If this kind of uncertainty does not unsettle but excites you, you may enjoy neuroscience!
Life as a Ph.D.
Disclaimer: the experience of pursuing a Ph.D. could vary dramatically from field to field, from country to country, from group to group, and of course from person to person. What I am about to discuss is a personal narration of my own journey, which is not likely representative of an “averaged Ph.D. journey”. This is not a guide to “whether you should go for a Ph.D.”, either. I’d leave that difficult question to someone else!
Hardships
Doing a Ph.D. is hard. For some, hardship is the endless work hours. For some (like me), hardship is the immense difficulty of the problems at hand. For instance, it took me about two years to crack my very first research project. For most of the days during these two years, I’d wake up with these unsettling voices at the back of my mind: “Is this problem solvable? Am I going down the wrong path?
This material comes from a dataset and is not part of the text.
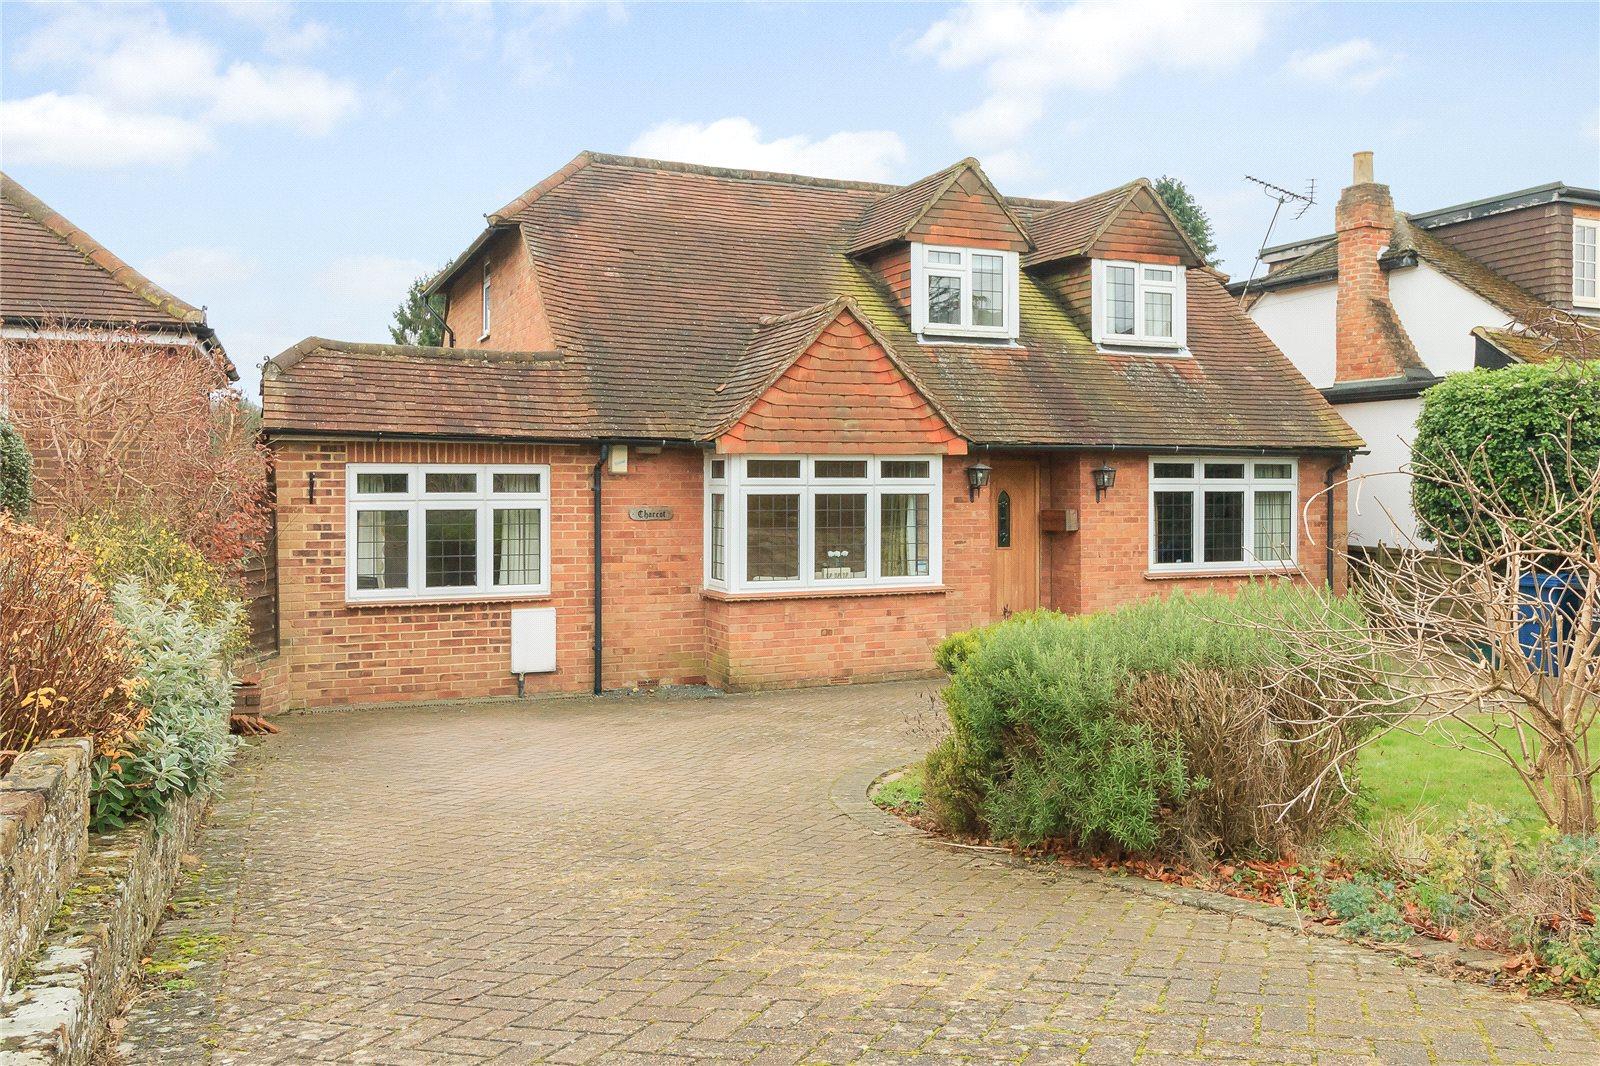 Casa para uma família para Venda às Nortoft Road, Chalfont St Peter, Buckinghamshire, SL9 Chalfont St Peter, Inglaterra

When can this project conclude so that I could move on to the next one?” This immense burden of uncertainty has been both a painful and thrilling experience for me.
It was painful since I could not run away from it; whenever I’m awake, my research question may surface from my mind and start to bug me. It was thrilling since, sometimes even in the shower, I’d think about my research questions, and it was a beautiful experience when the “Eureka” moments kicked in. I’d rush out of the shower and try out my new ideas (which rarely works as well as I imagined, of course).
“No pains, no gains” applies particularly well when you work on hard problems that no one has ever attempted to solve before. To be a good researcher, you have to genuinely love solving hard problems. Research is not a lucrative career, and those who stay most likely truly enjoy solving puzzles.
Independent thinker
The first significant trait of an independent thinker is that he is not satisfied at just doing something well. He is most satisfied when he is able to do something well and differently. He enjoys taking the extra mile to think of new ways of doing things (in a better way), and this pursuit of novelty is independent of external rewards.
The second trait of an independent thinker is the ability to ask good questions. Most people are good problem solvers after some solid training in a specific field, but there is no systematic way of training for one to become good at asking questions.
Being an independent thinker may come naturally to some people. While for most of us, we were instructed to think “within the box” through our conventional education system. Students are optimized for taking standardized exams that are full of close-ended questions with unrealistic constraints (such that there exists only one possible answer). After a decade of training in cracking standardized exams, it usually takes some effort to be able to think independently again.
For myself, pursuing a Ph.D. has made me a more independent thinker. I think this is one of the most commonly shared attributes for people who have earned a Ph.D. degree.
Concluding thoughts
The dad of some friend of mine has advised her that, before pursuing a Ph.D., you should better work in the industry for a few years. If not, you’d probably chose a field without much practical value in the industry, and your research would very likely stay unimpactful for decades.
I think there is some wisdom in the above claim. Most human beings enjoy creating stuff, particularly stuff that is to be used by others. If your research is a few feet above people’s daily lives, you may not gain as much satisfaction as being able to invent something that’s going to be used widely, for example, a new drug that could cure Alzheimer’s disease.
Another thing to consider is that stuff with greater business value (means that many people find your product useful) pays off well. If you have the chance to pursue A that is more lucrative and impactful than B, while A and B are both intellectually challenging, why not go for A?